Creating a domain-specific modeling language in 90 minutes: hands-on

December 05, 2006 11:55:08 +0200 (EET)

I’m taking quite a challenge next month at OOP: I promised to run a session in which we define and implement a domain-specific language from the scratch. Now I’m looking for an application domain so if you have any suggestions let me know. The language should be non-trivial and large enough (20+ concepts). Naturally the language should not target just sketching but also enable code generation. A particular challenge for me is that the session should be collaborative and hands-on. All participants can implement their own language versions if they see others suggestions bad. Implementing and using the language into a tool will quickly show which language constructs work.

I’m not keen in any particular tool so bring your favorite tool with you. I’ll bring mine ;-). I expect that hands-on session gives to the participants a good feeling of the language definition process. MetaCase will provide tickets to the session and tool licenses in case participants don’t have a tool but would like to implement their language idea. If everything goes well at the end of the session we also generate sample applications.

Comments

Technical Writer

[Omar Garcia] December 09, 2006 02:39:12 +0200 (EET)

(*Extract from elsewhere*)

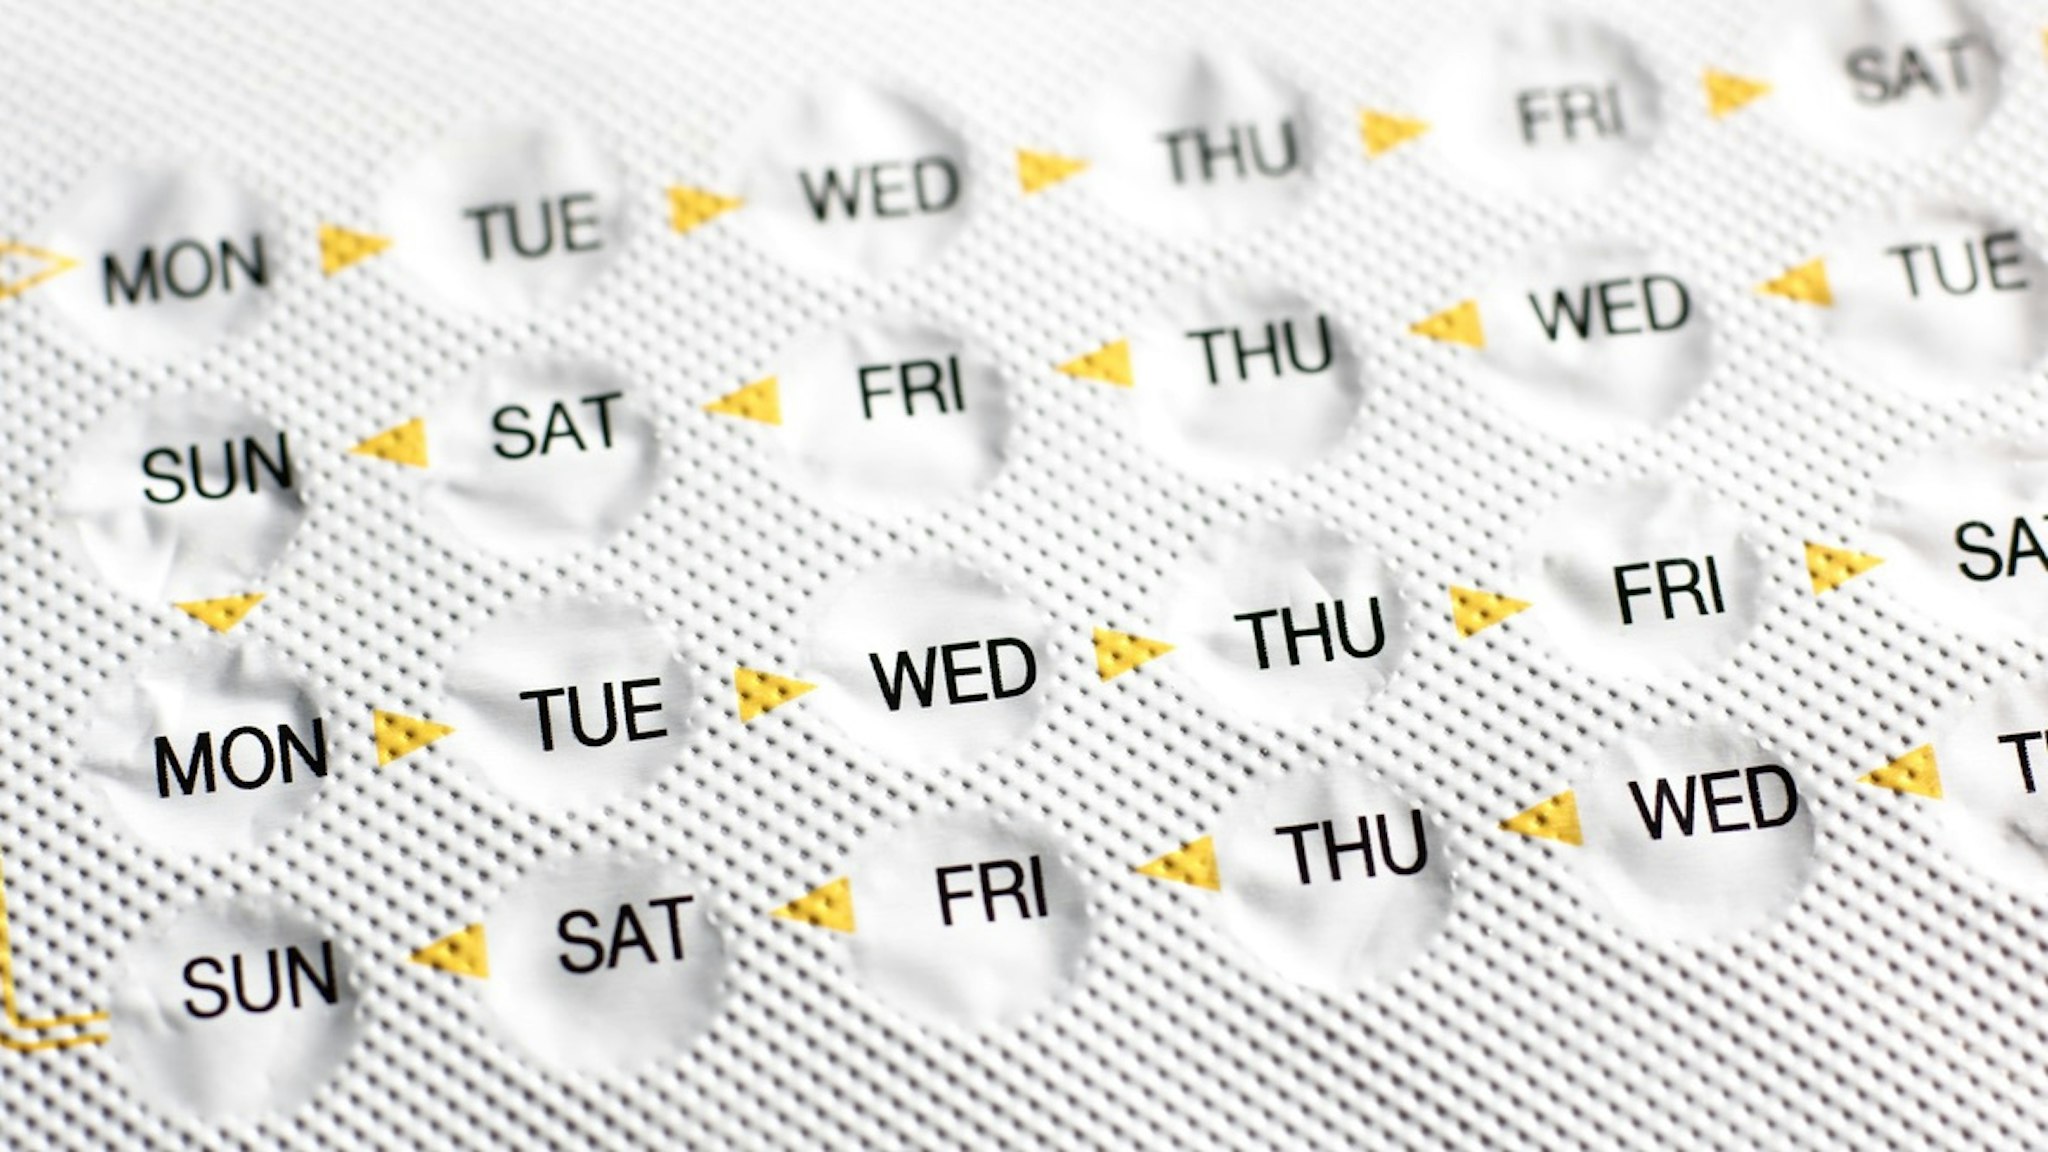 Birth control pills blister pack - stock photo Peter Dazeley via Getty Images

Unfortunately, I wont be at OOP to attend your session but I am very keen on DSM and DSL and I want to propose this domain for you to consider. The domain is technical writing and it is aimed to produce thesis, papers, books for academics. At the moment I am working in an implementation that runs on Ruby on RailsThe concepts that belong to the domain are books, chapter, articles, sections, tables, figures, references, table of context, index, images.Are the different outputs formats like pdf, rtf, html part of the domain concepts?I do not have much time available now but my goal is very similar that the one you want to achieve in your session To define this language and run it in different tools lik Metacase, Microsoft Software Factories, Eclipse EMF and open architectureware, XMF/Mosaic, etc.
Regards
Omar@uow.edu.au

Choosing a domain

[Juha-Pekka] December 14, 2006 13:19:04 +0200 (EET)

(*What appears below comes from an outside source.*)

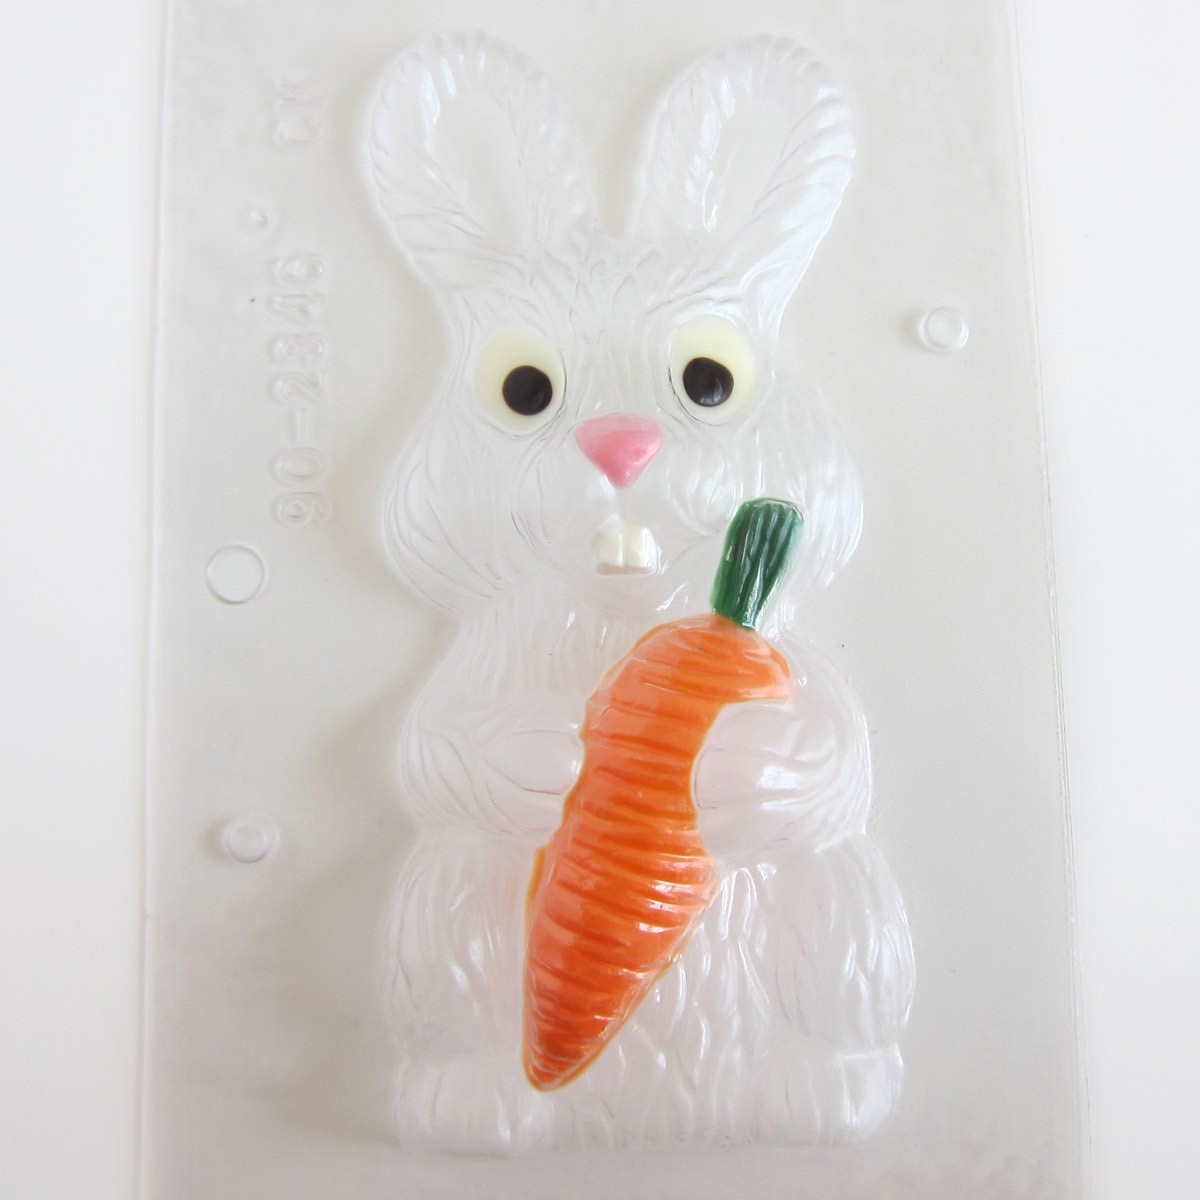 The bunny with carrot chocolate mold is painted with orange, green, white, and pink candy melts.

I remember facing almost similar domain few times earlier and defined then as a “courseware”. For the class it is good in that respect that people know and understand the domain pretty well. It is also relavitvely easy to start as several domain concepts can be found easily. However, to use models for code generation there should be also some reference applications to see what kind of code should be generated. Two or more of them would be nice because it allows to see differences and decide how to allocate the work between the language, generator and framework.